Хочется сбежать от этих видений, после хочется в них кружиться, а после, чтоб все раскололось вдребезги. С хрустальным звоном и запахом и цветом сирени.

«А что разбилось, то разбилось,

Зачем осколками звенеть?»

И через час, а может быть раньше, я пойму, что мне уже никогда не превратиться в господина ван Шонховена.


Выпускной вечер: сиреневое, с оборочкой наискосок Женечкино платье, под цвет и под стать ему колечко с сиреневым камушком – аметистом, гладко зачесанные, собранные в хвост волосы. На этом вечере возникло короткое взаимное увлечение («и жаль, что короткое», – комментировала Женечка) первым математиком класса Семой Блинником, который таскал Женечку в первом классе за косы и лез драться, отец даже ходил жаловаться в школу.

И жаль, что с Сашей Антиповым в аспирантскую пору ничего не получилось, не был он настойчив.

Хочется вернуть хоть один день той московской жизни. Нет, просто хочется вернуться в ту жизнь. Прийти домой, а там – Женечка. Накормить ее, приласкать, уложить спать. Переступаться через стенку. Весь день гладить Женечку по головке. У Женечки такие красивые, яркие, орехово-коричневые, гладкие, блестящие волосы, которые я с мукой ласкала шестого сентября 1997 года накануне Женечкиного отъезда в Страсбург – перед больницей, перед беспощадным лечением. Дома в Москве хранится прядь тех Женечкиных волос – можно целовать и плакать, как плачу сейчас.

* * *

Глаз предшествует перу, и я не дам второму врать о перемещениях первого.

Иосиф Бродский

Мы вспоминаем наши совместные поездки, летние отпуска. Женечка помнит лучше, поправляет меня, уточняет.

Мы втроем с Женечкой и дедушкой Сеней в Симеизе. Женечке три годика.

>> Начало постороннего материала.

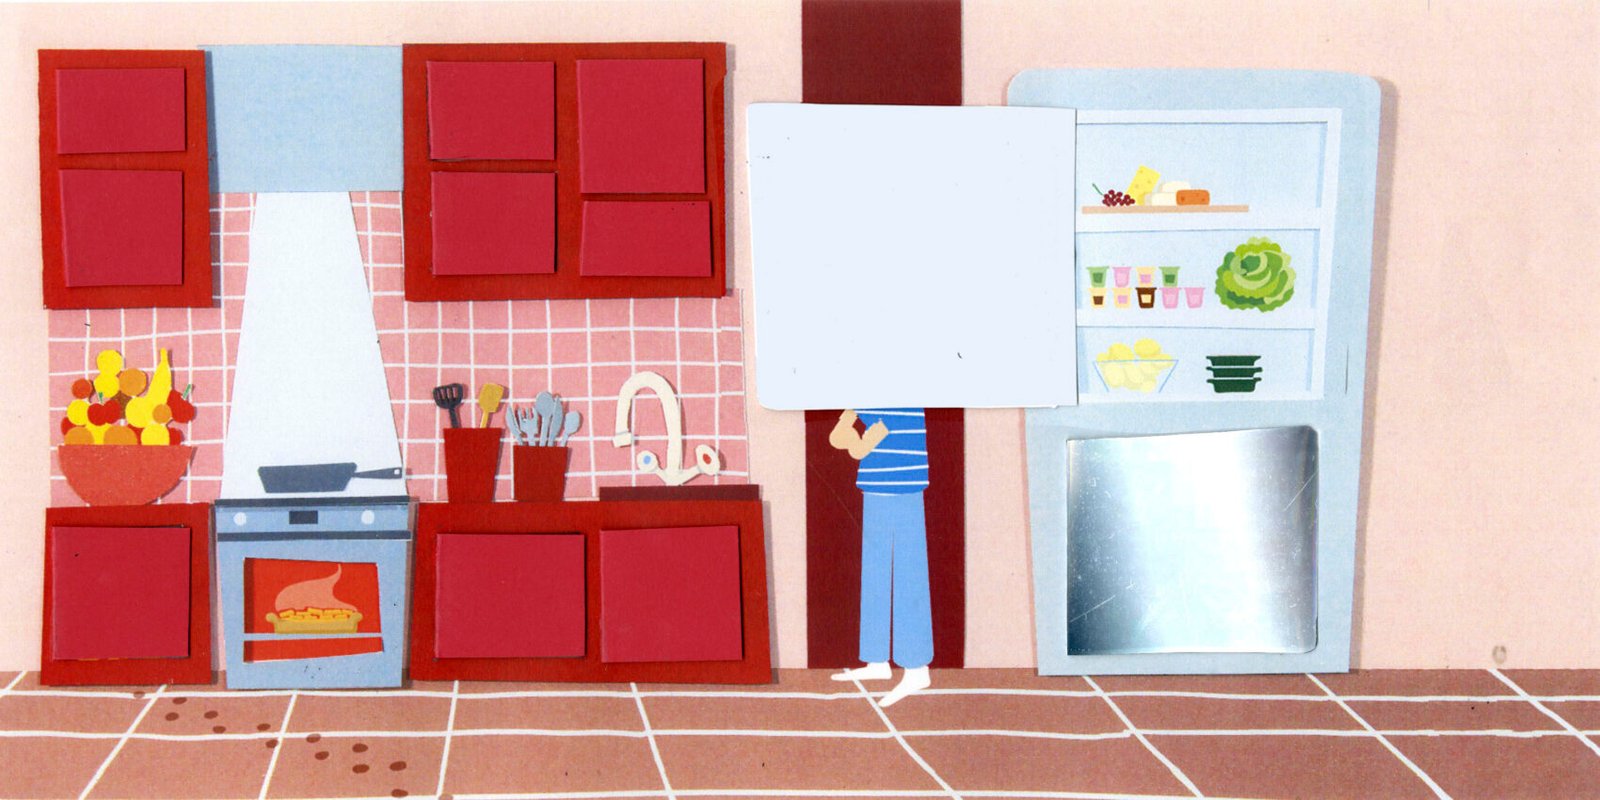 Illustration jeunesse : Billy cherche doudou lapin dans la cuisine. Valentine CHOQUET illustrations | illustratrice freelance
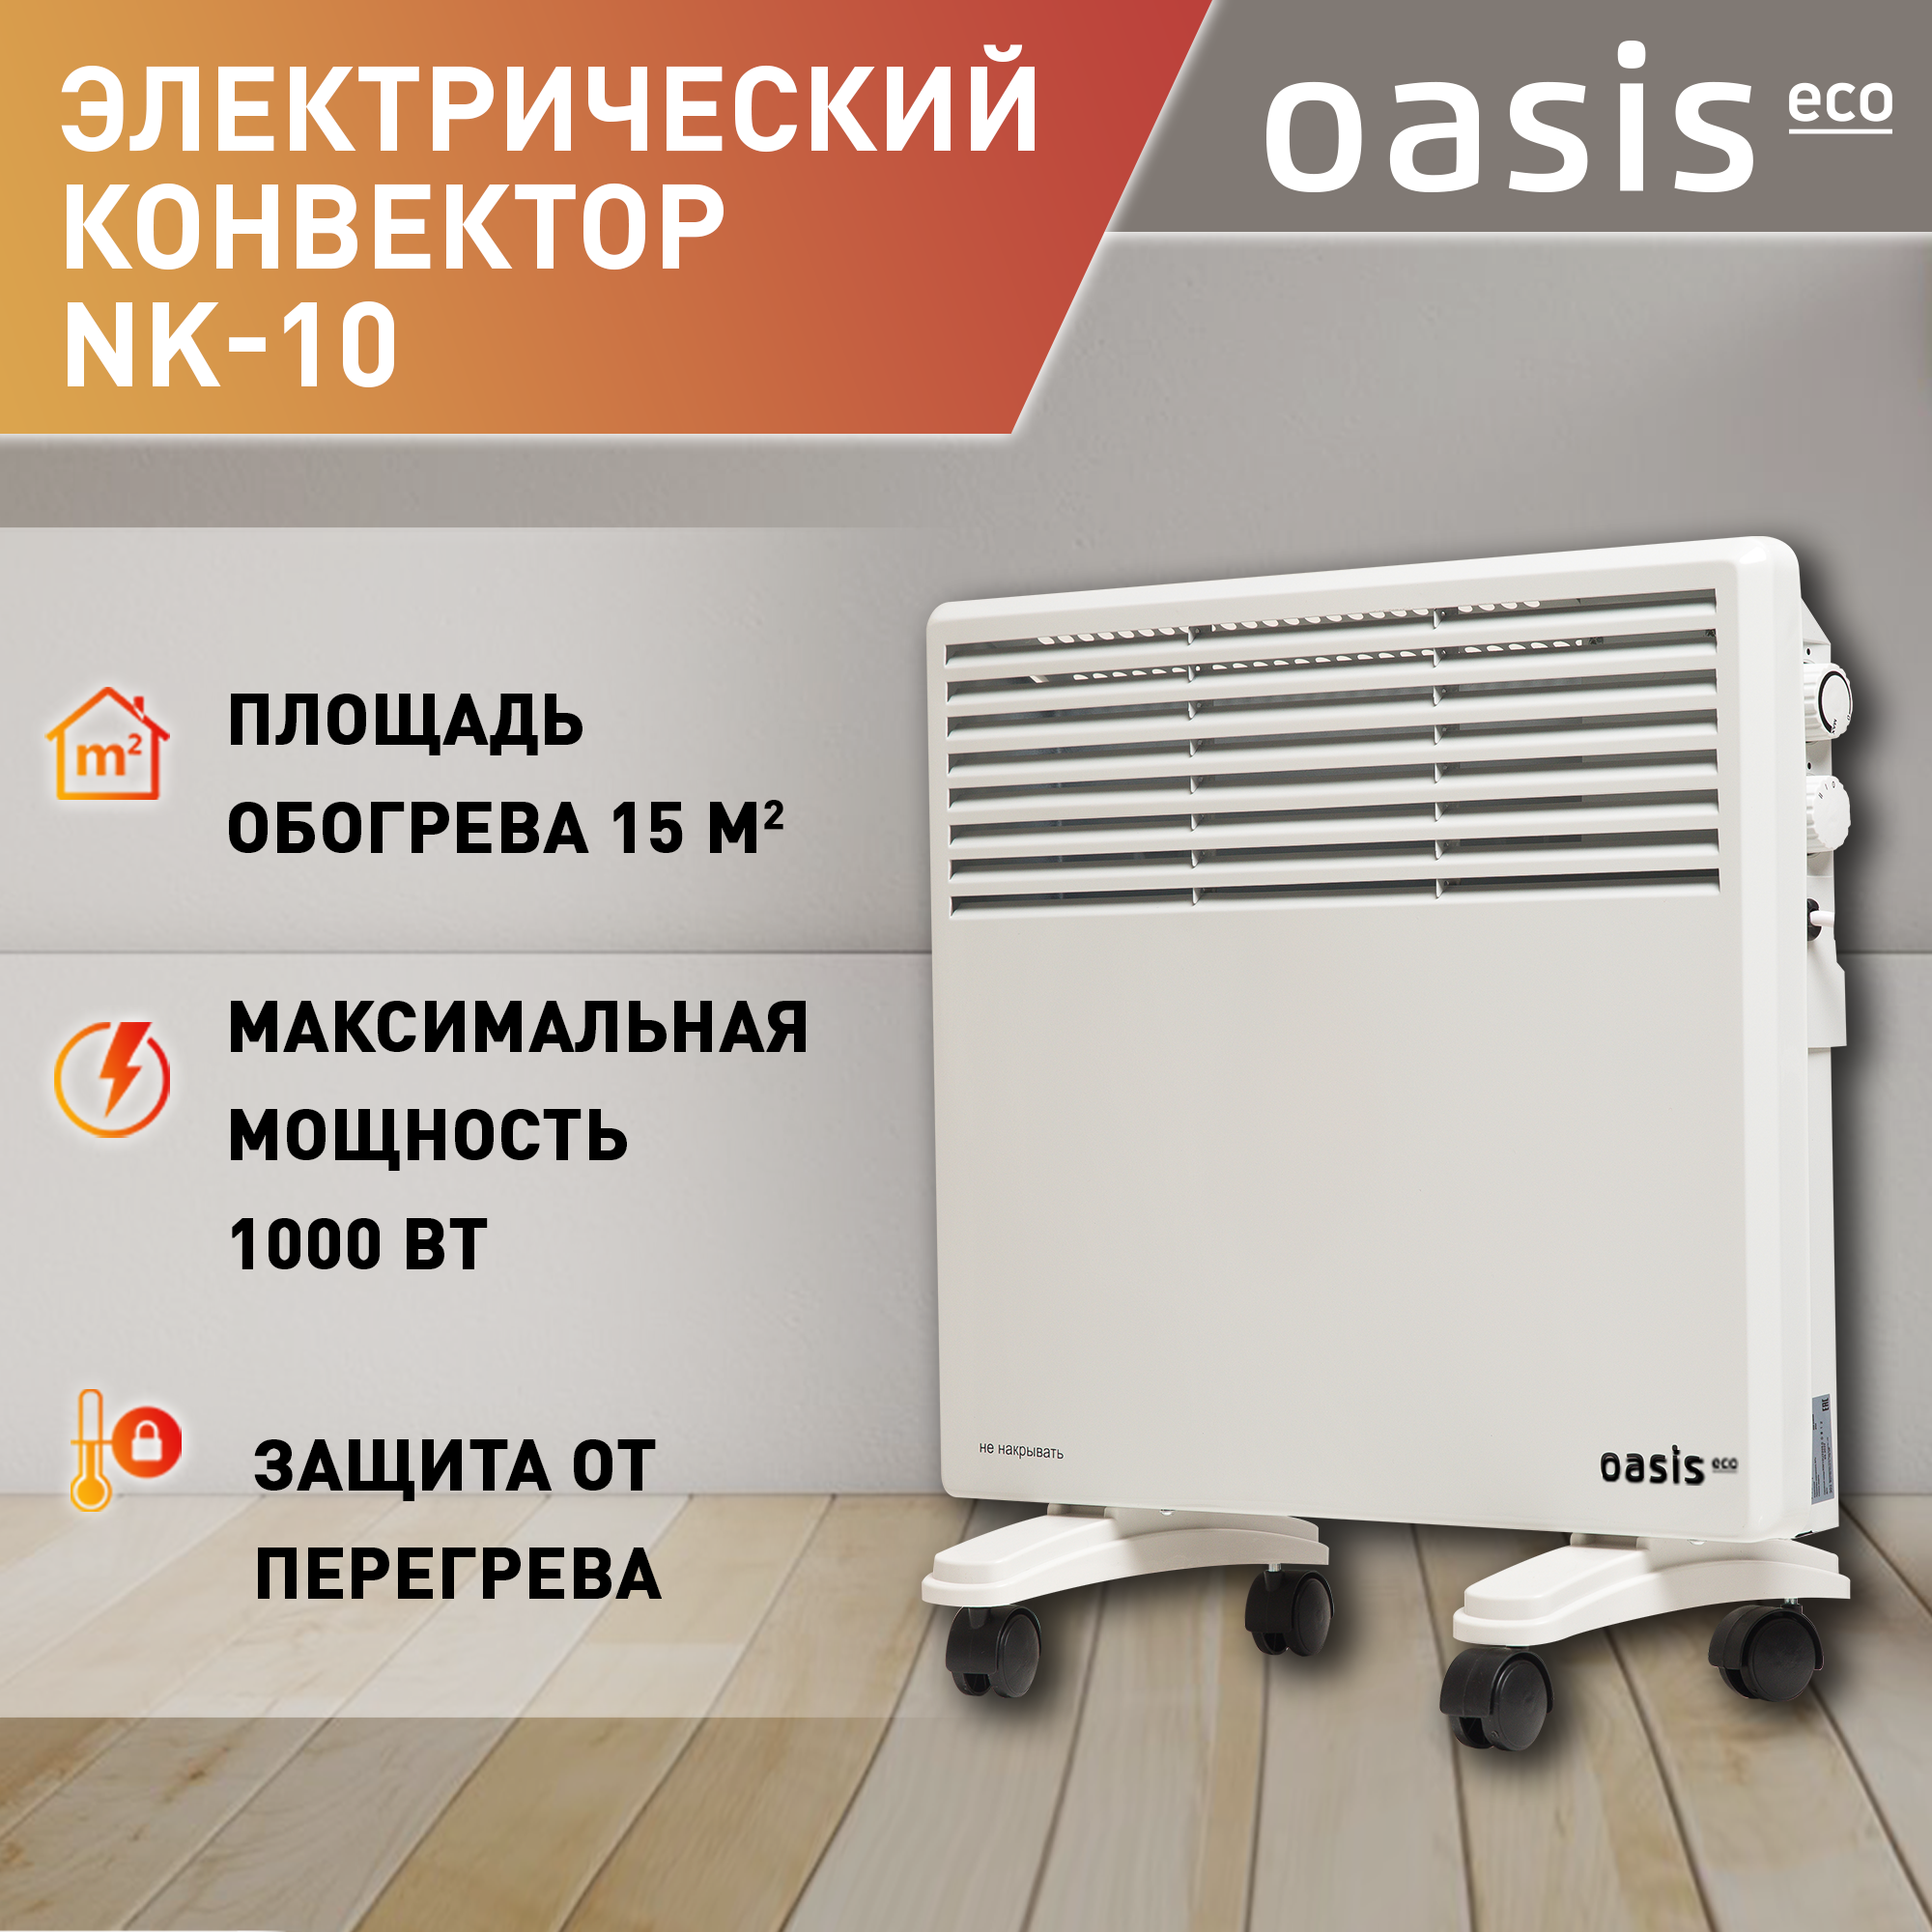 Конвектор Oasis Eco NK-10 белый конвектор oasis eco nk 10 белый

Перед поездкой мы зашли в парикмахерскую на Петровке к молоденькой парикмахерше Гале. Та сделала Женечке короткую, «модную» стрижку, после чего Женечка с родителями побывала впервые в ресторане «Будапешт». Моя маленькая Мусенька давно кашляет, никто не знает, что это за кашель. На всякий случай Женечке в Симеизе делают уколы, традиционные для этого края туберкулезных санаториев. Крым, май, все цветет и благоухает. Мы совершаем далекие прогулки, оставляем позади городок с его чудесной аллеей, огибаем мыс и выходим на простор, к прекрасному дикому пляжу.